(Beginning of DATA SECTION)
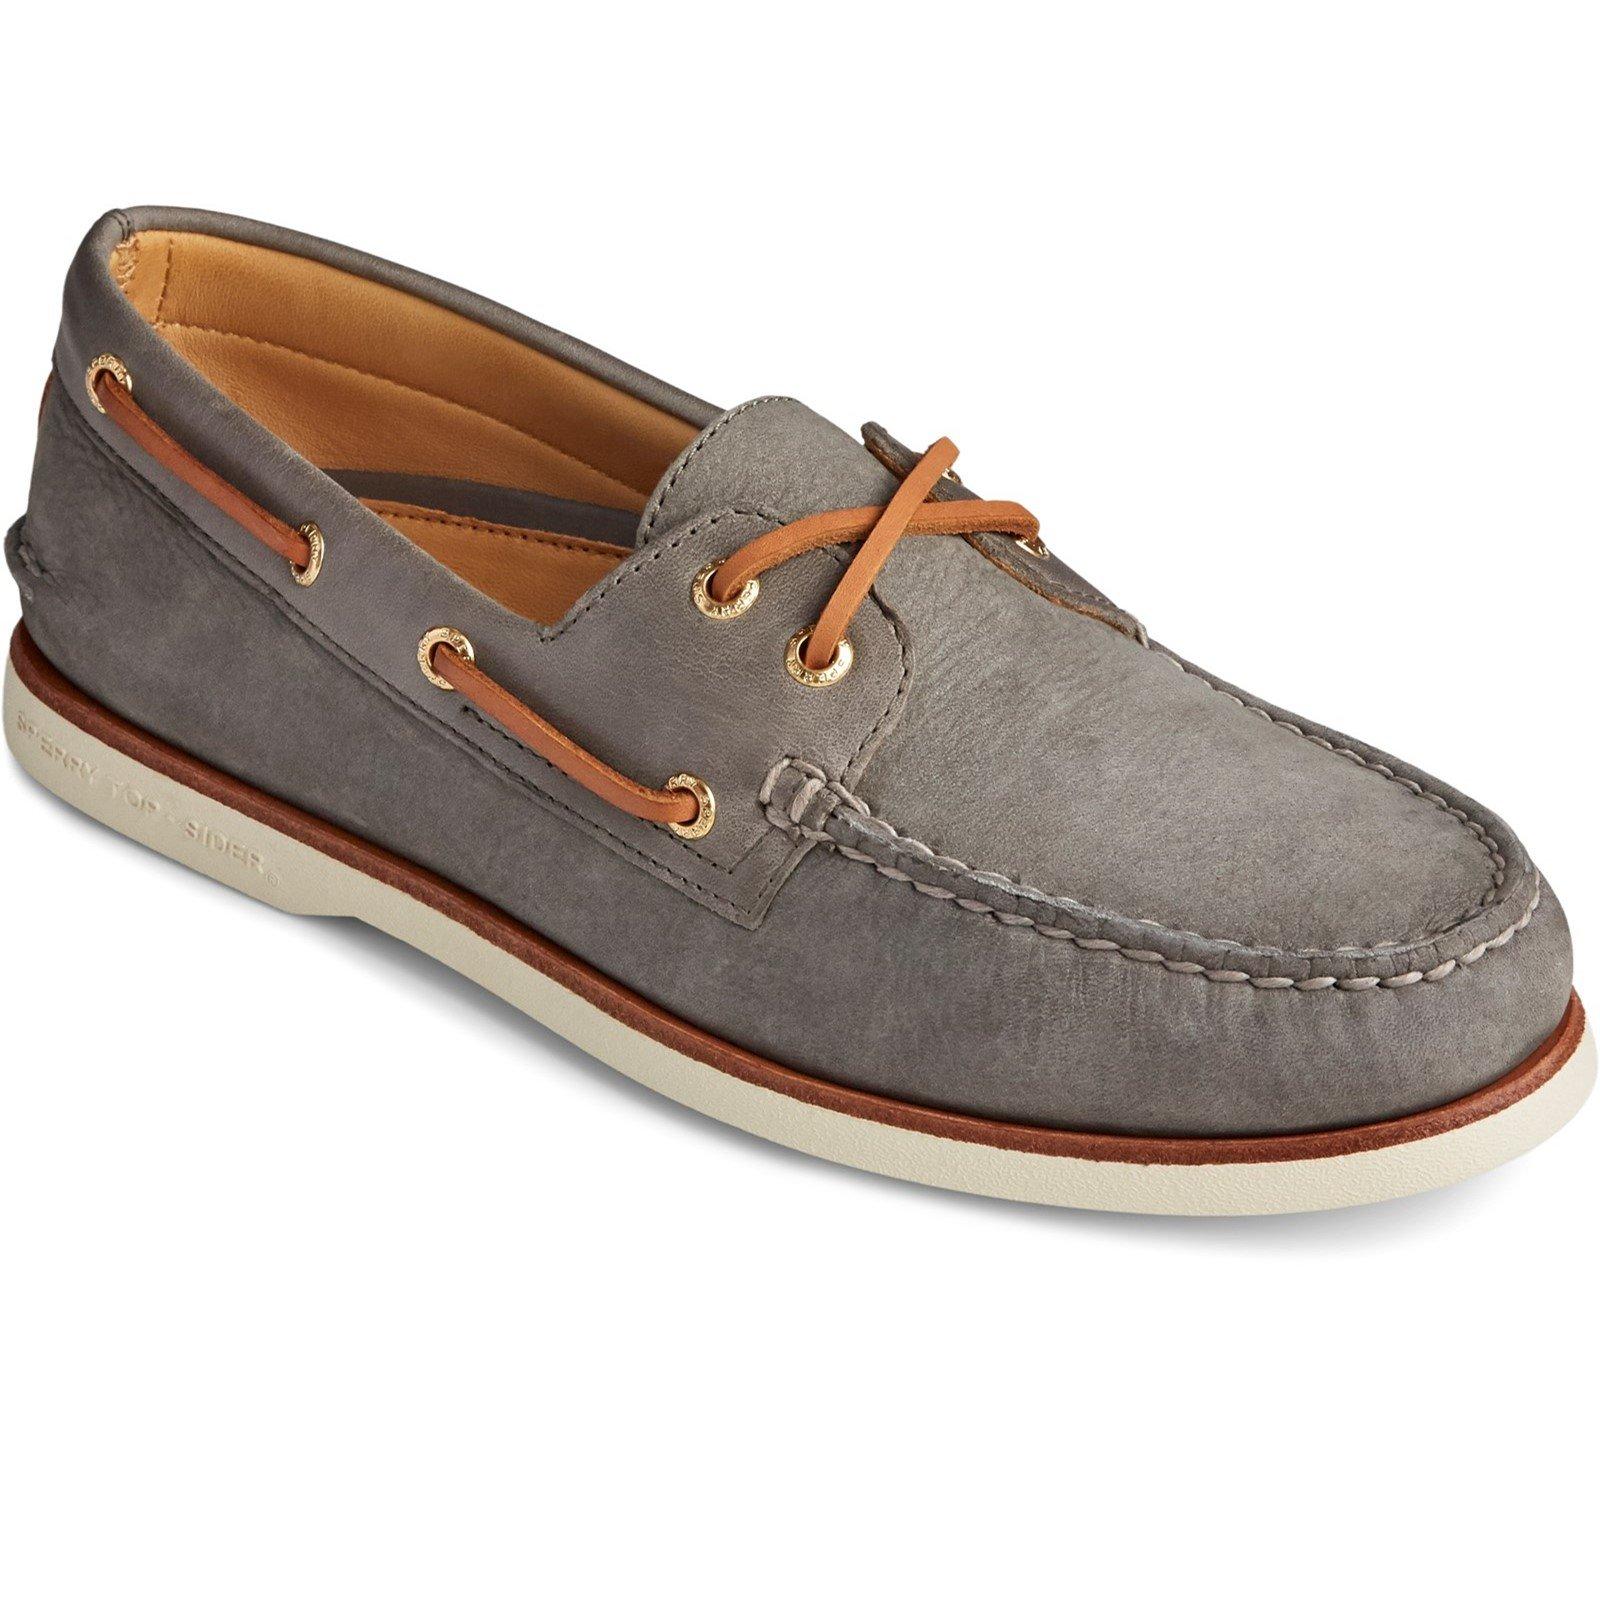 Sperry Men's Authentic Original Seaside Boat Shoe Grey 31529 - Grey 10
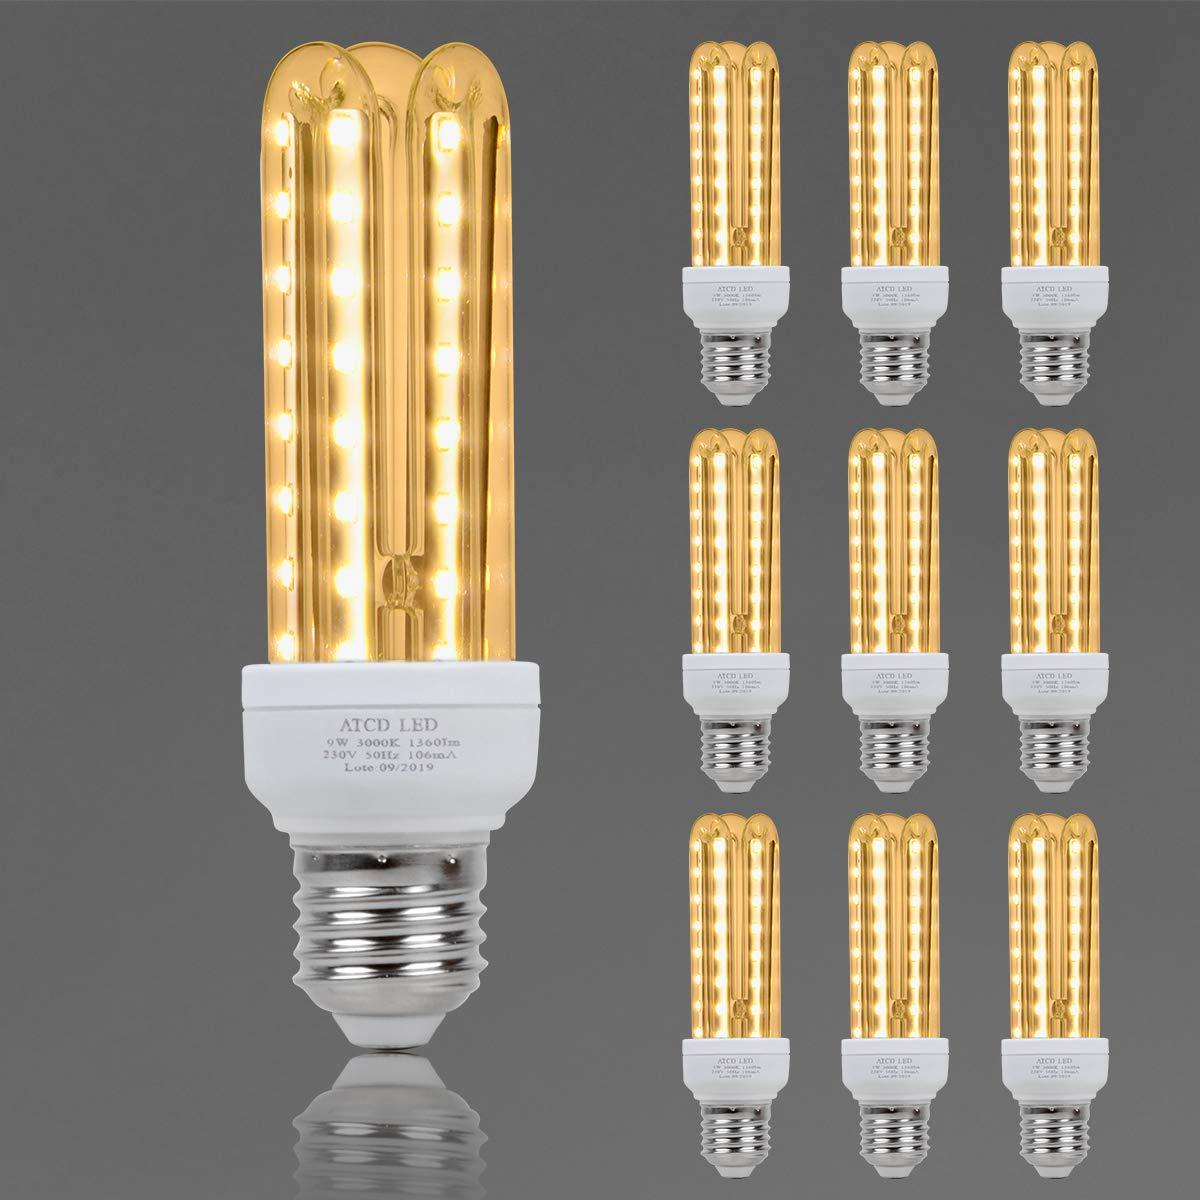 Bombilla LED, ATCD Bombillas Led e27 Luz Calida, Bombilla Led Estándar e27 3U, 9 W Equivalente
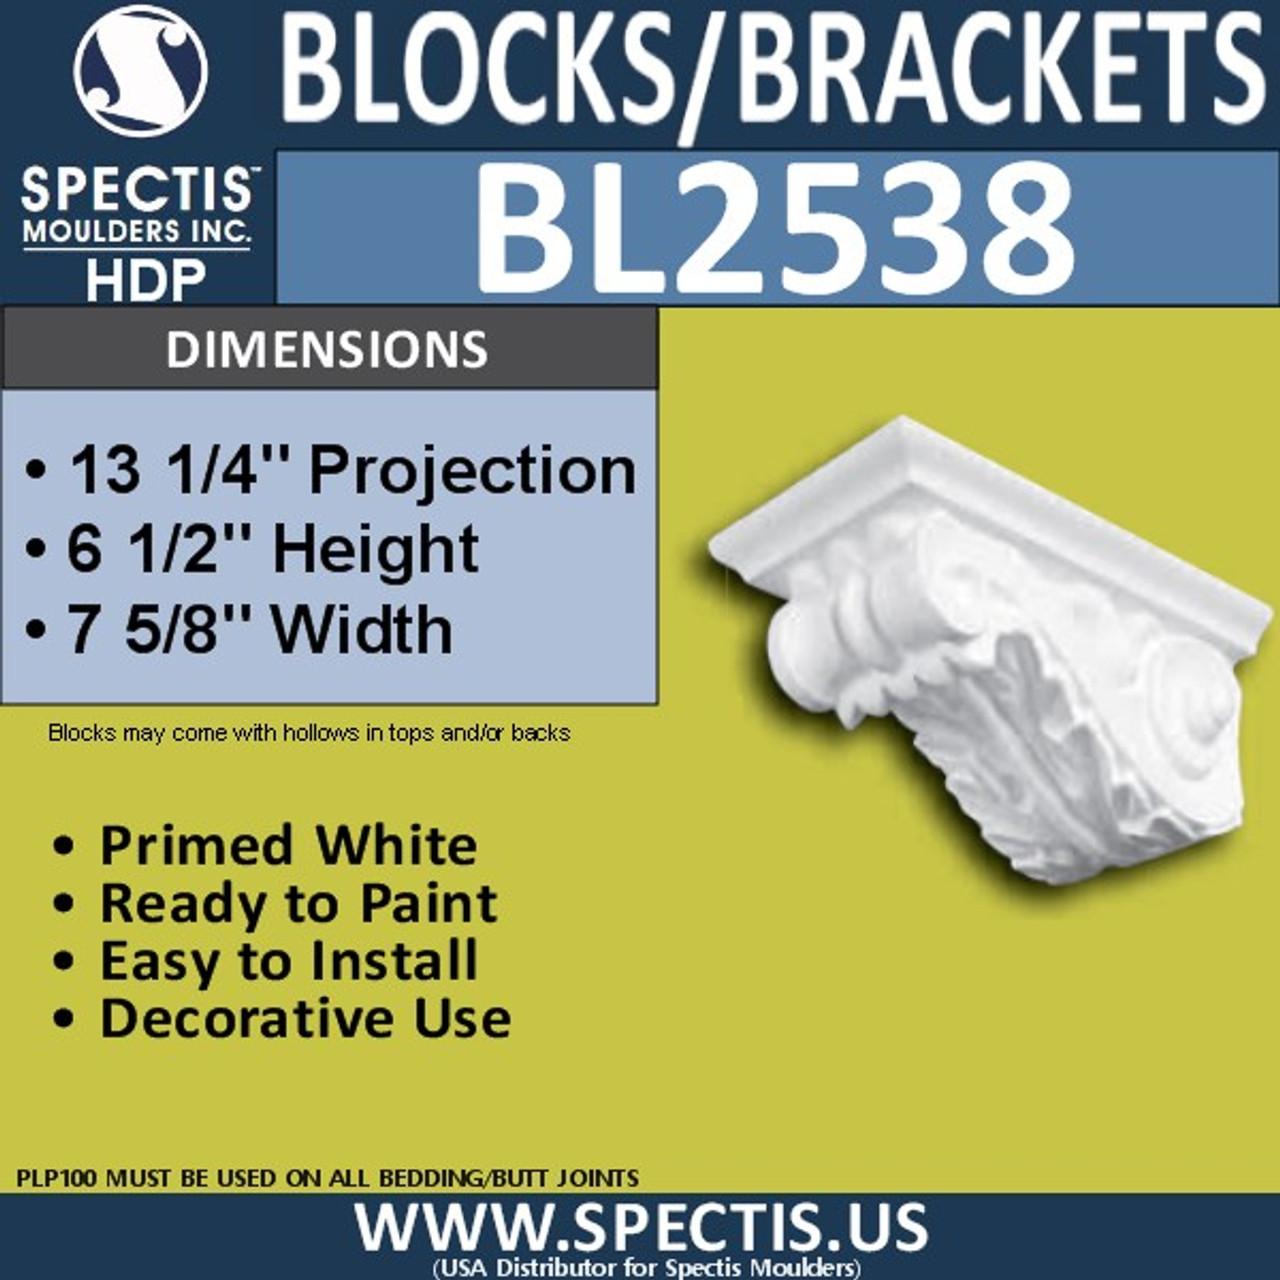 "BL2538 Eave Block or Bracket 7.5""W x 6.5""H x 13.25"" P"
(End of DATA SECTION)
» ABOUT THIS TASK
An exact copy of the lines from the line containing "Bombilla LED, ATCD" through the final line of the listing, without pictures, is the expected result.

» RESPONSE AREA
 Bombilla LED, ATCD Bombillas Led e27 Luz Calida, Bombilla Led Estándar e27 3U, 9 W Equivalente
 "BL2538 Eave Block or Bracket 7.5""W x 6.5""H x 13.25"" P"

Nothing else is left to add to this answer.